Please use this identifier to cite or link to this item: http://hdl.handle.net/2122/5903
Authors: Griffith, A. W.* 
Di Toro, G.* 
Pennacchioni, G.* 
Pollard, D. D.* 
Nielsen, S.* 
Title: Static stress drop associated with brittle slip events on exhumed faults.
Journal: Journal of Geophysical Research 
Series/Report no.: /114 (2009)
Publisher: AGU
Issue Date: 2009
DOI: 10.1029/2008JB005879
Keywords: earthquakes
stress drops
Subject Classification04. Solid Earth::04.04. Geology::04.04.99. General or miscellaneous 
Abstract: We estimate the static stress drop on small exhumed strike-slip faults in the Lake Edison granodiorite of the central Sierra Nevada (California). The subvertical strike-slip faults were exhumed from 4 to 15 km depth and were chosen because they are exposed in outcrop along their entire tip-to-tip lengths of 8–12 m. Slip nucleated on joints and accumulated by crystal-plastic shearing (forming quartz mylonites from early quartz vein filling in joints) and successive brittle faulting (forming epidote-bearing cataclasites). The occurrence of thin, 300 mm wide, pseudotachylytes along some small faults throughout the study area suggests that some, if not all, of the brittle slip on the study area faults may have been seismic.
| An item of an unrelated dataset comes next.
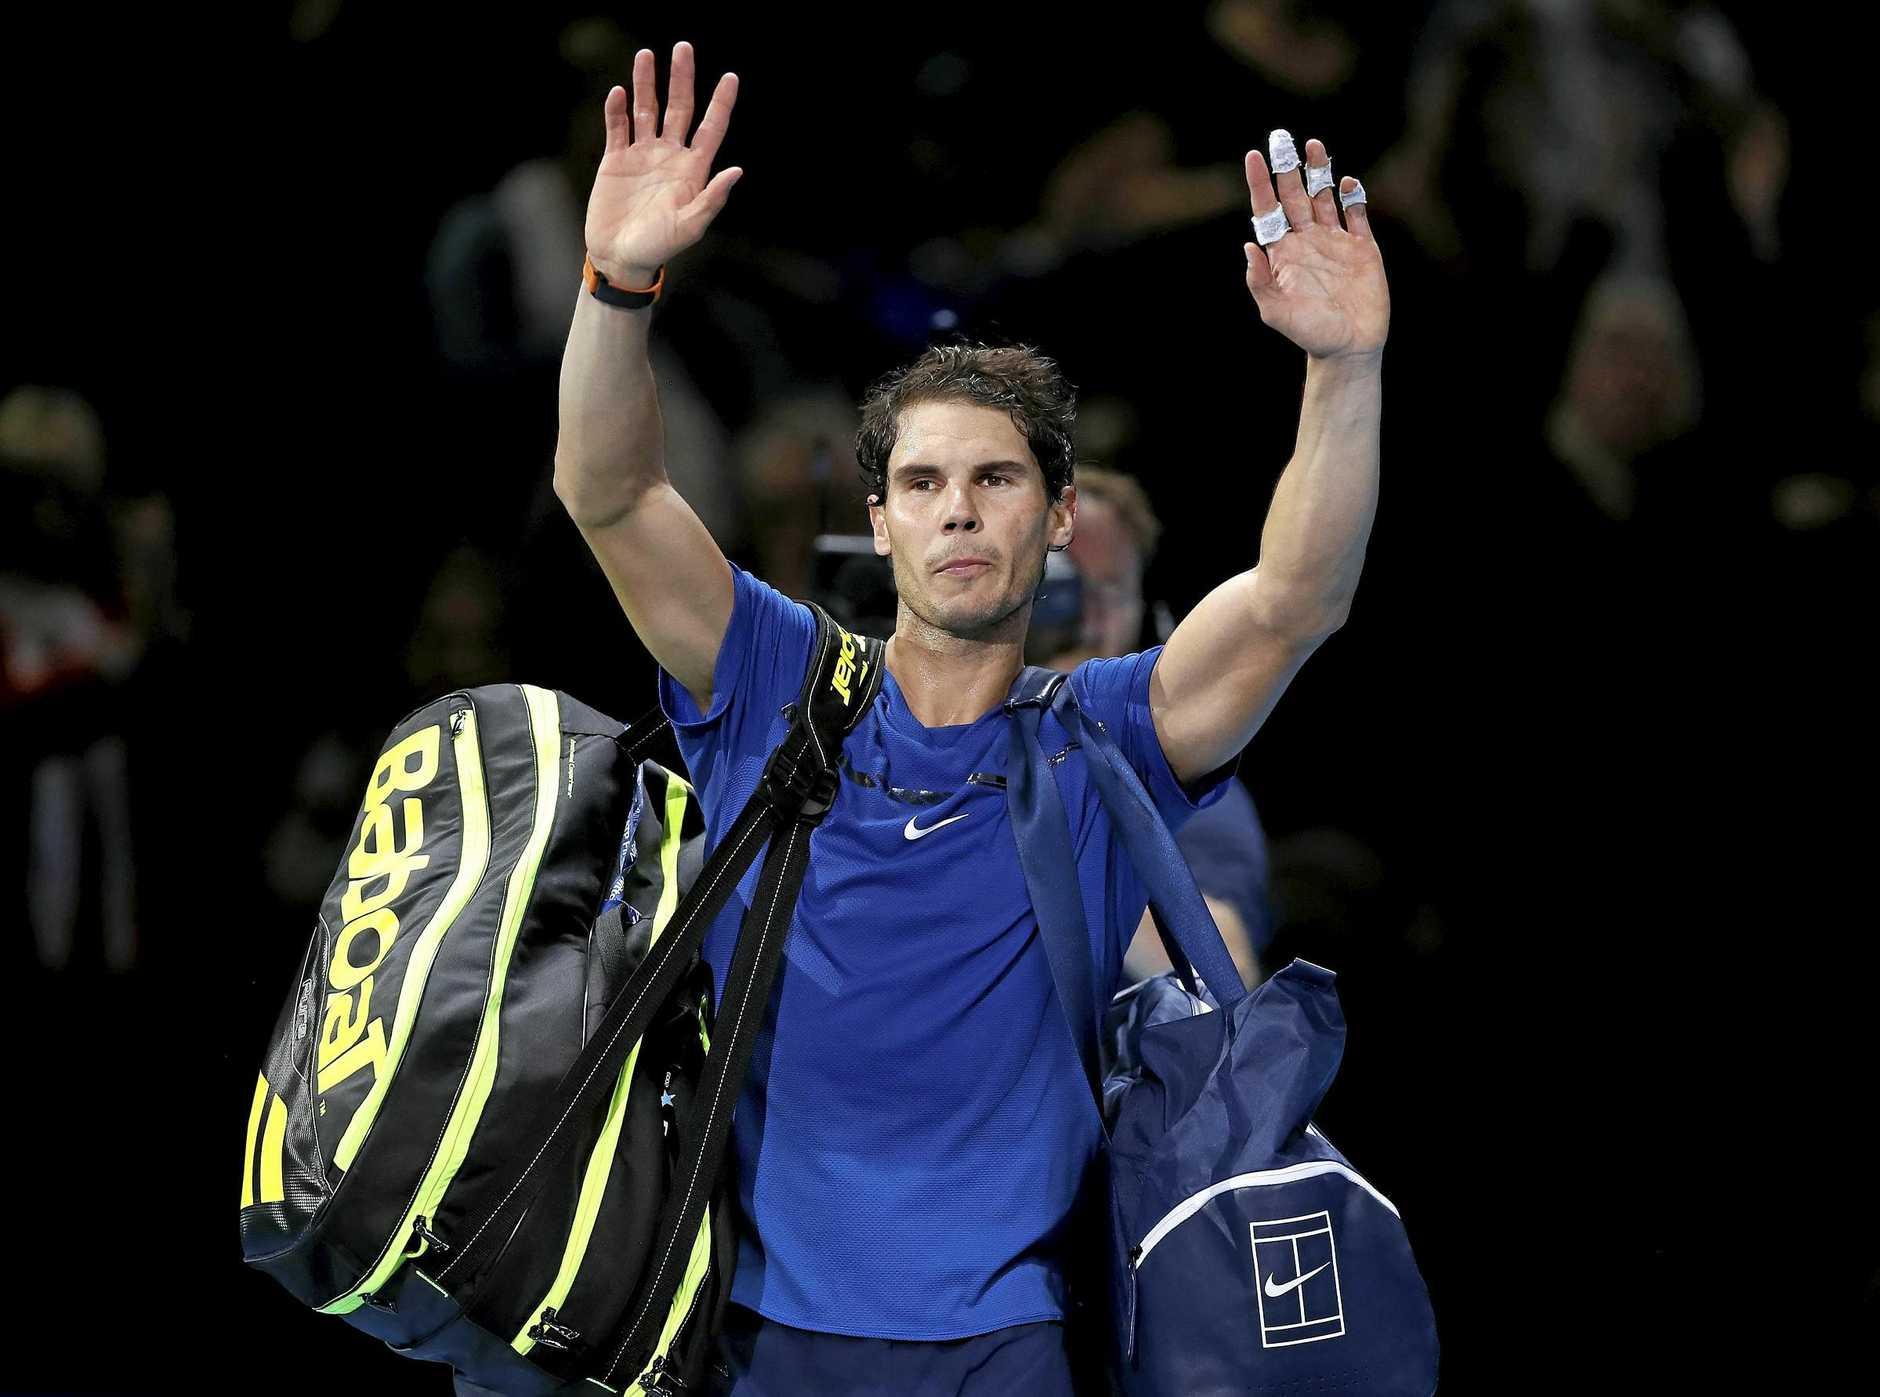 Spain's Rafael Nadal's season is over because of a knee injury

We suggest that the contribution of brittle, cataclastic slip to the total slip along the studied cataclasite-bearing small faults may be estimated by the length of epidote-filled, rhombohedral dilatational jogs (rhombochasms) distributed quasi-periodically along the length of the faults. The interpretation that slip recorded by rhombochasms occurred in single events is based on evidence that (1) epidote crystals are randomly oriented and undeformed within the rhombochasm; (2) cataclasite in principal slip zones does not include clasts of previous cataclasite, and (3) rhombochasm lengths vary systematically along the length of the faults with slip maximum occurring near the fault center, tapering to the fault tips. We thereby constrain both the rupture length and slip. On the basis of these measurements, we calculate stress drops ranging over 90–250 MPa, i.e., one to two orders of magnitude larger than typical seismological estimates for earthquakes, but similar in magnitude to seismological estimates of small (<M2) earthquakes from the San Andreas Fault Observatory at Depth (SAFOD). The slip events described in the present study occurred along small, deep-seated faults, and, given the calculated stress drops and observations that brittle faults exploited joints sealed by quartz-bearing mylonite, we conclude that these were ‘‘strong’’ faults.